(DATA SHOWN)
+---+
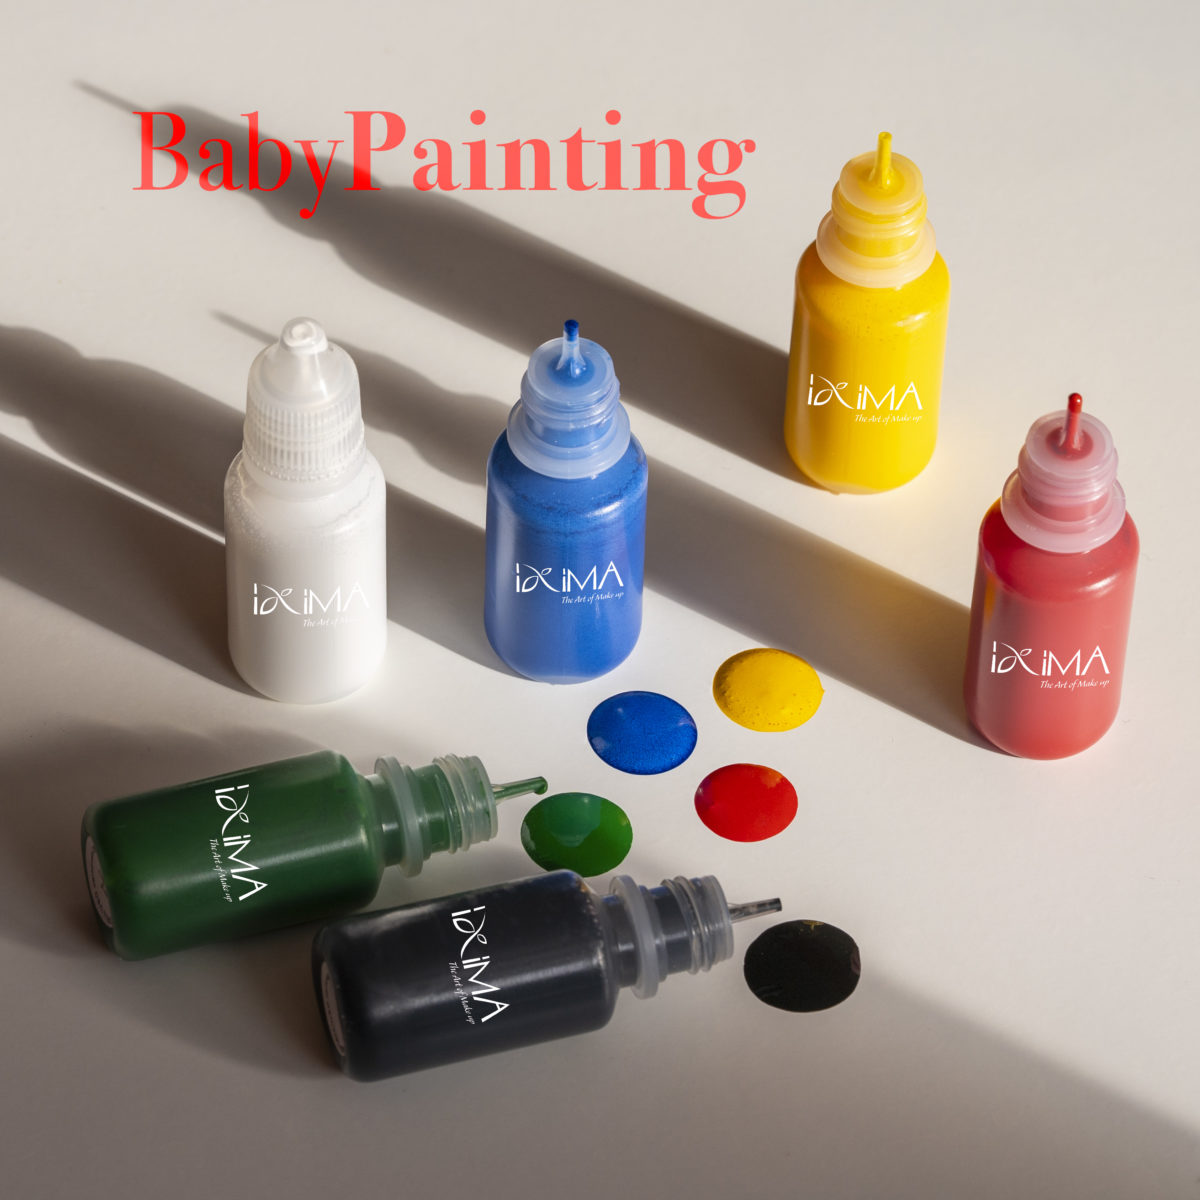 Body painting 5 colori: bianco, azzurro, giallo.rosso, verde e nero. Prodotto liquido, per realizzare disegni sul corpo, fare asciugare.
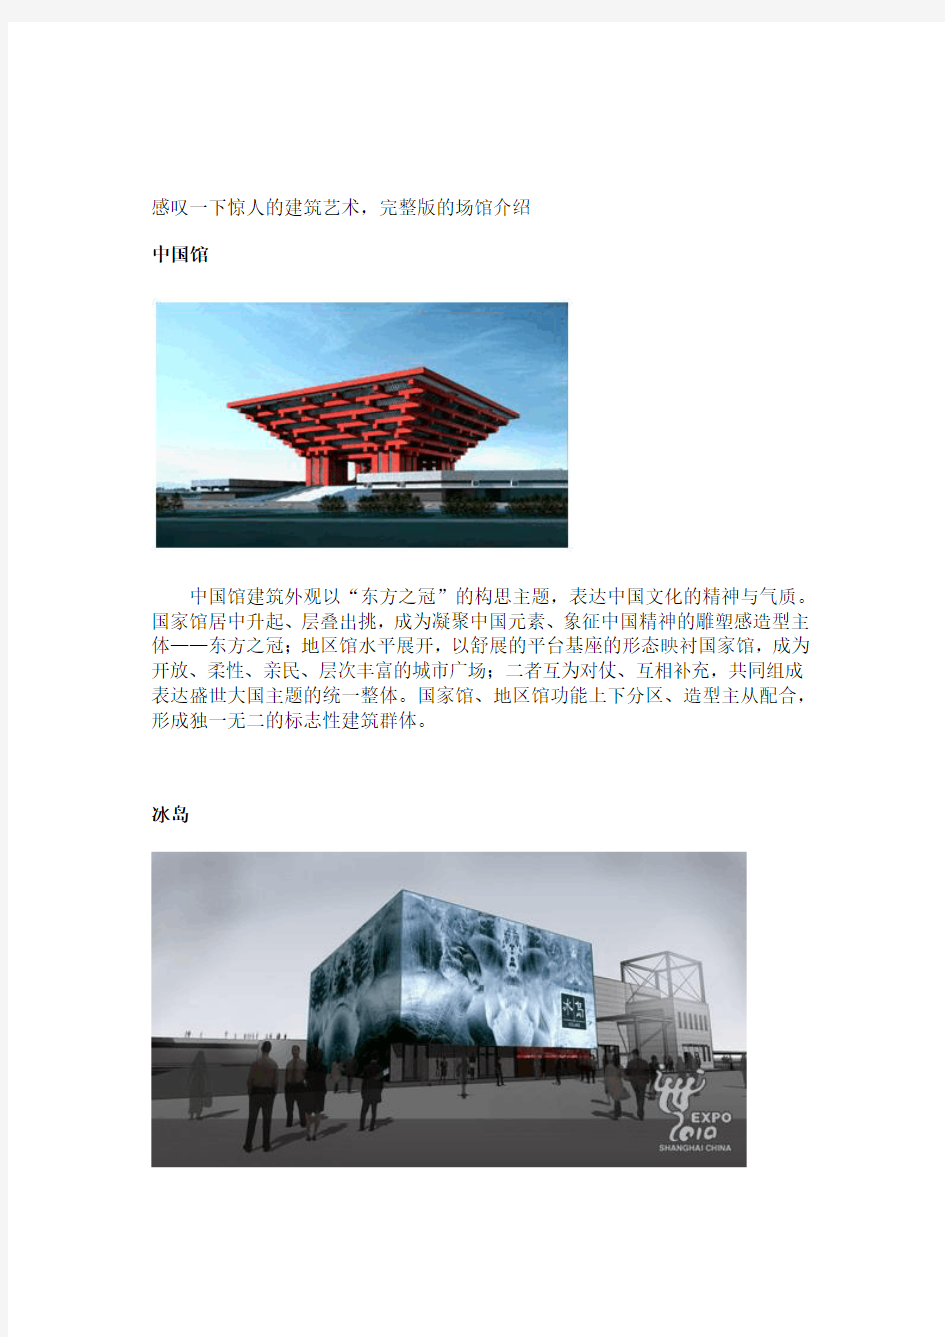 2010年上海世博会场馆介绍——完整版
+---+
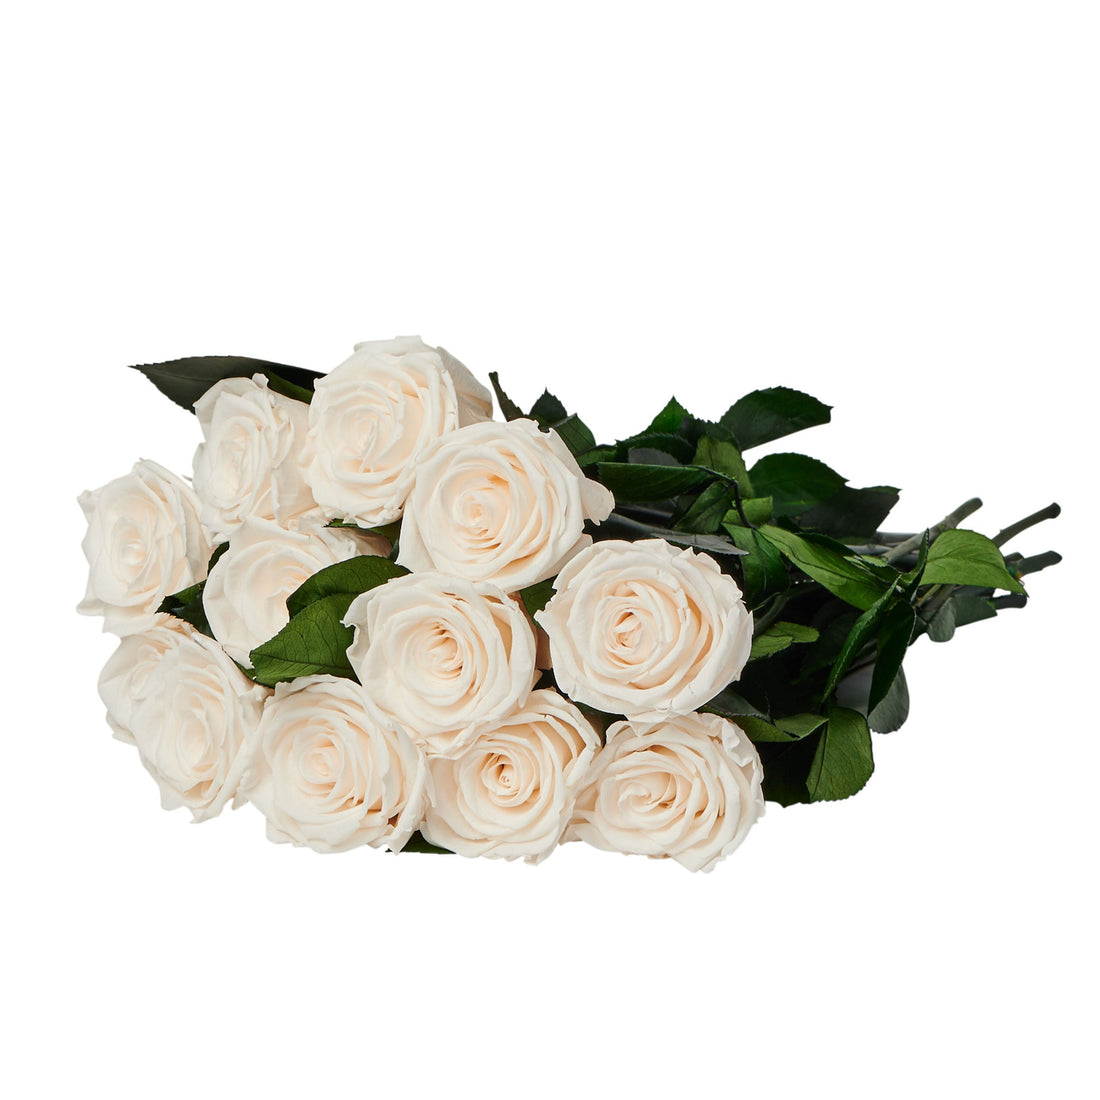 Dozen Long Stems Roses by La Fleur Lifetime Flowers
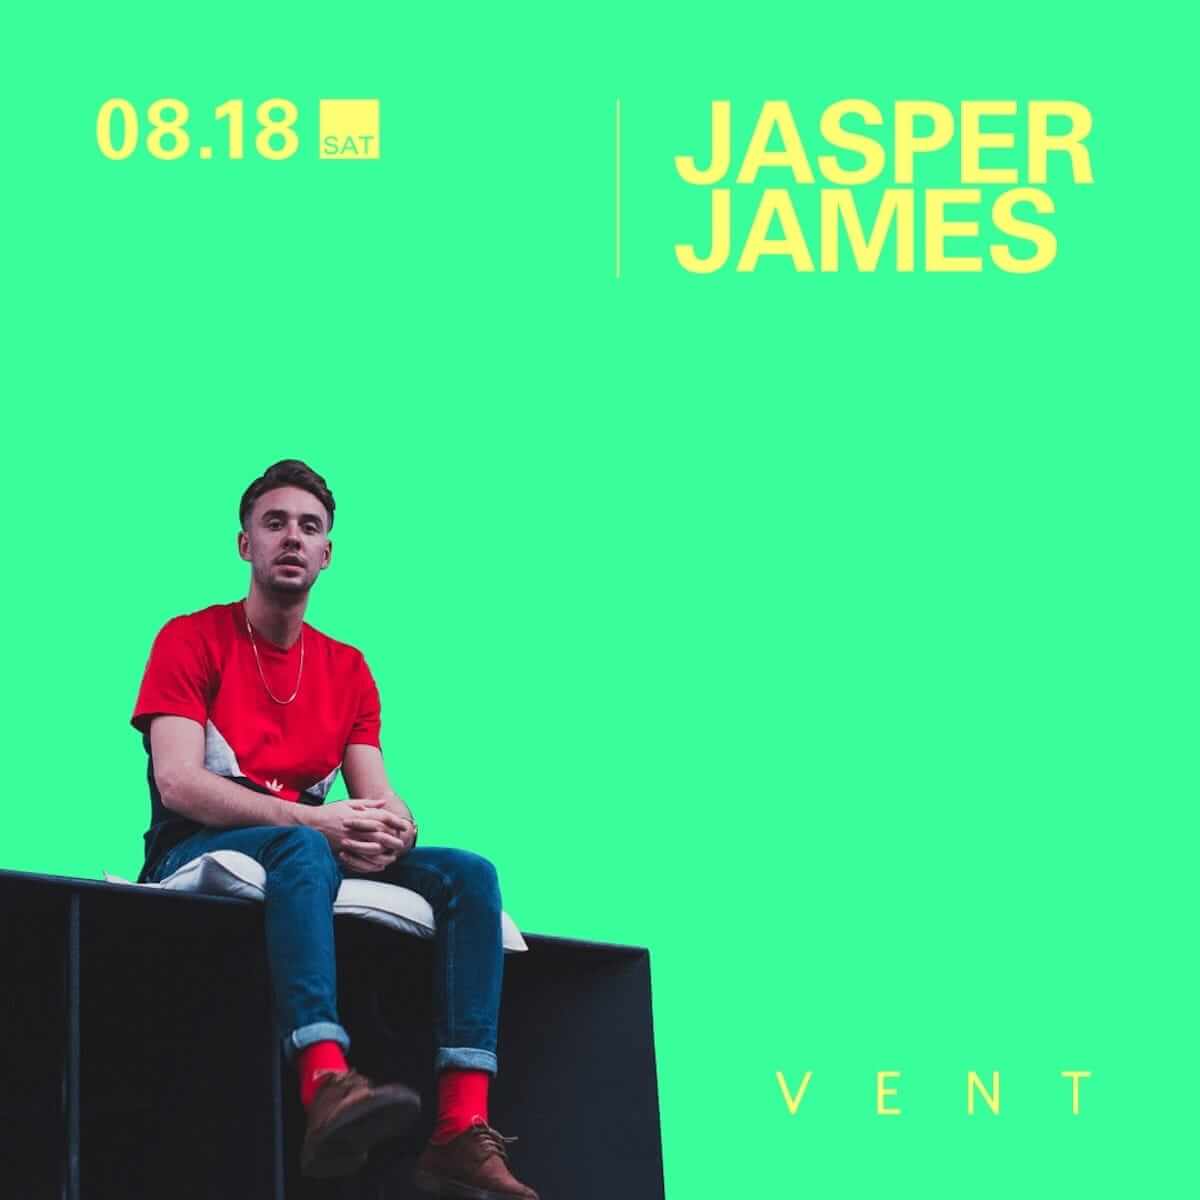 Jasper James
+---+
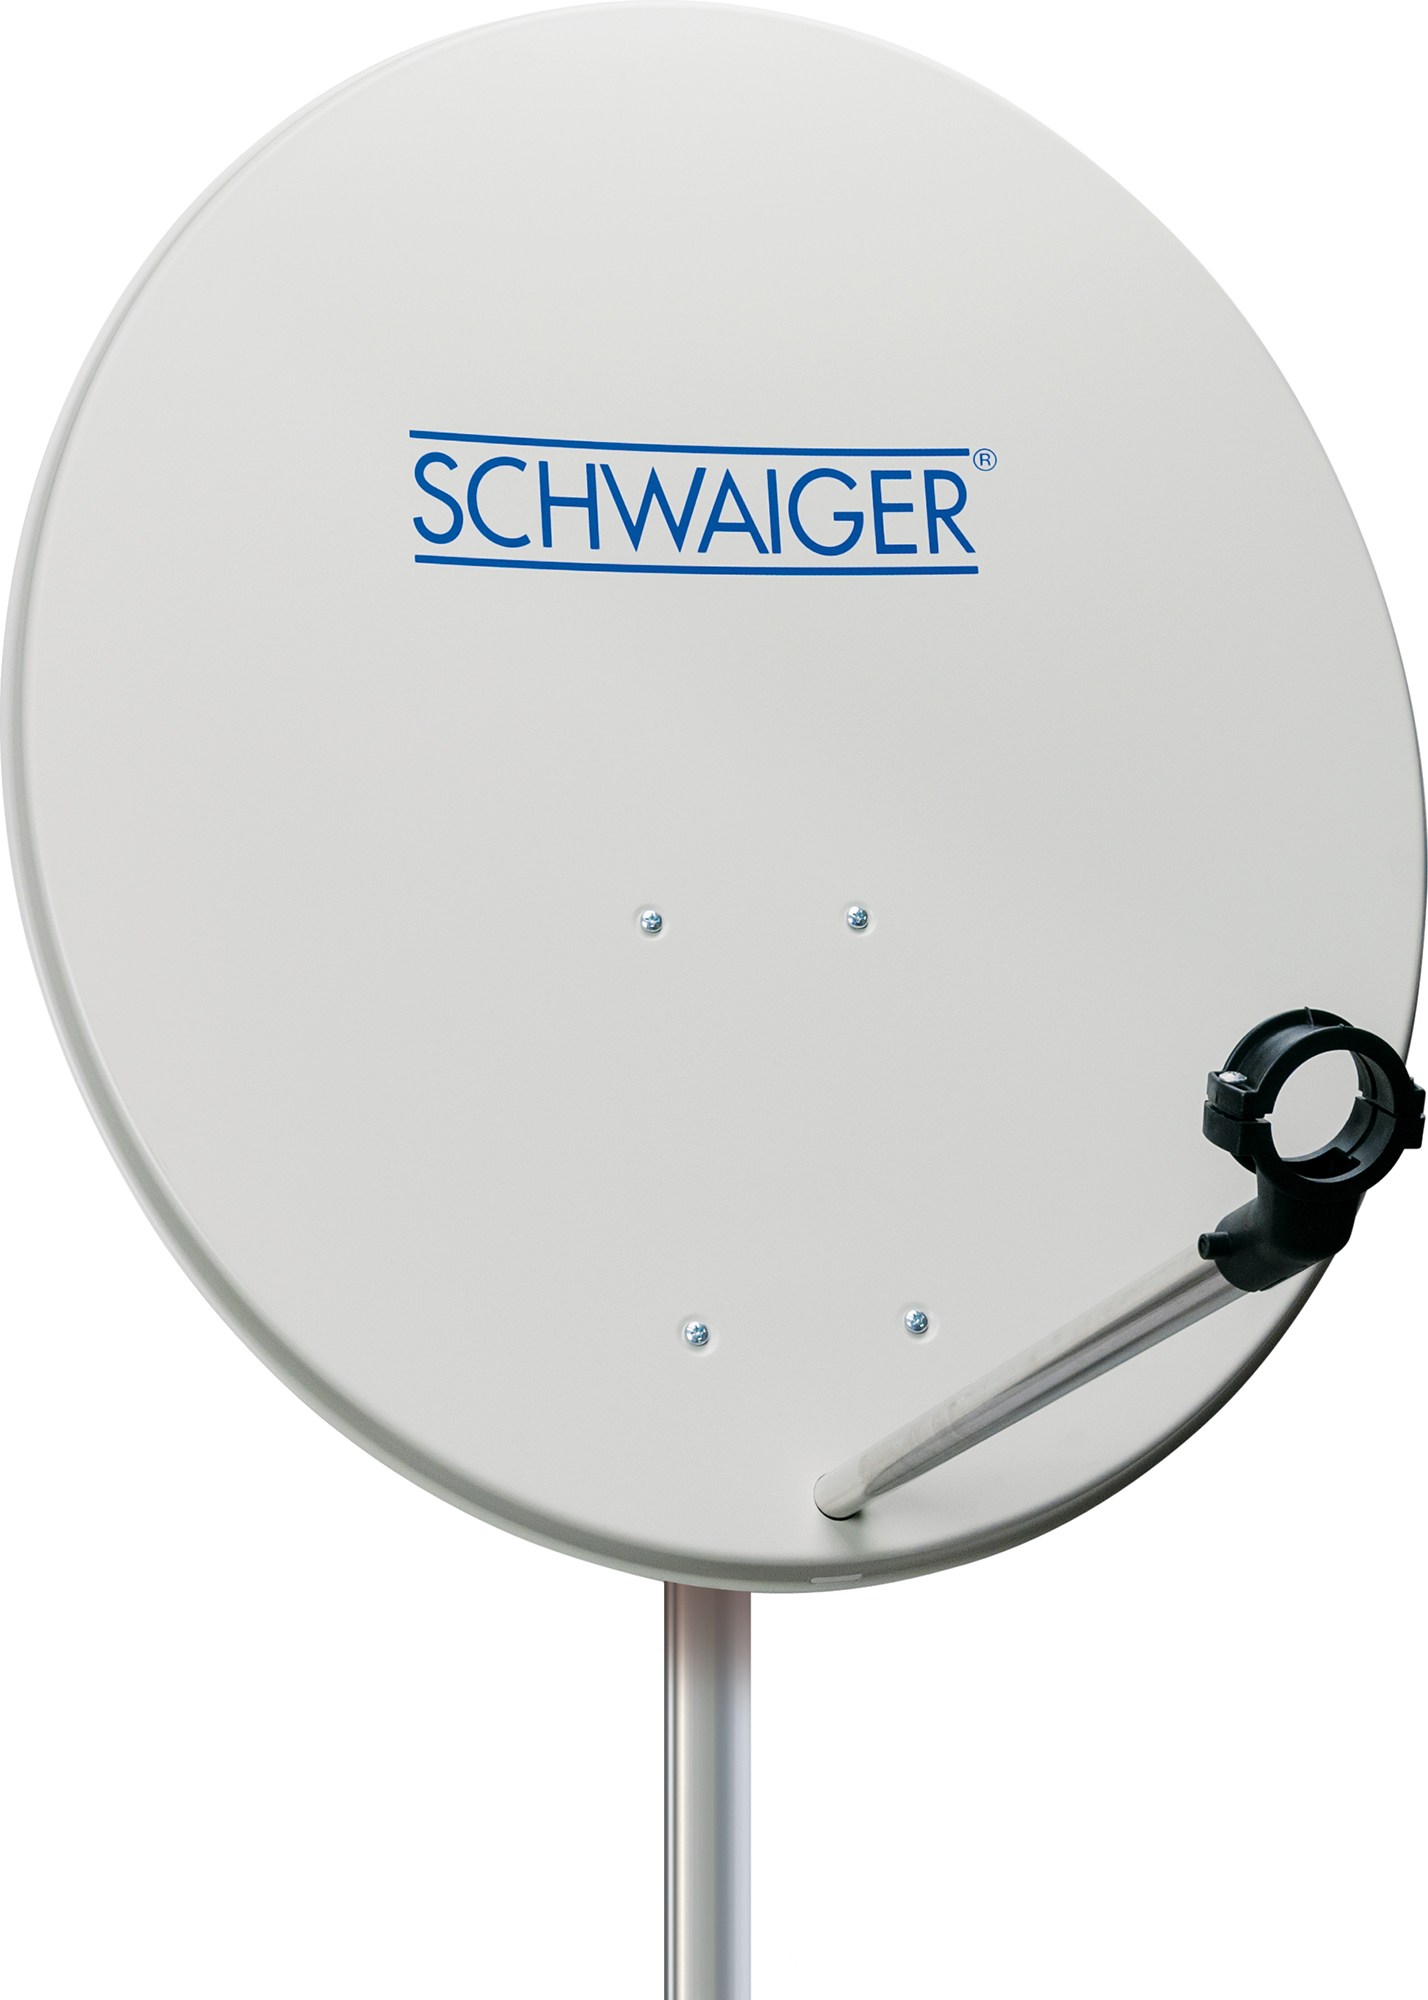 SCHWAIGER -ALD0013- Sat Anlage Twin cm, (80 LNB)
+---+
(DIRECTIONS FOR THIS TASK) Among the entries above, take the lines from the one with "Body painting 5" through the one with "2010年上海世博会场馆介绍——完整版" and retype them exactly, leaving out the pictures.

(EXPECTED OUTPUT)
 Body painting 5 colori: bianco, azzurro, giallo.rosso, verde e nero. Prodotto liquido, per realizzare disegni sul corpo, fare asciugare.
 2010年上海世博会场馆介绍——完整版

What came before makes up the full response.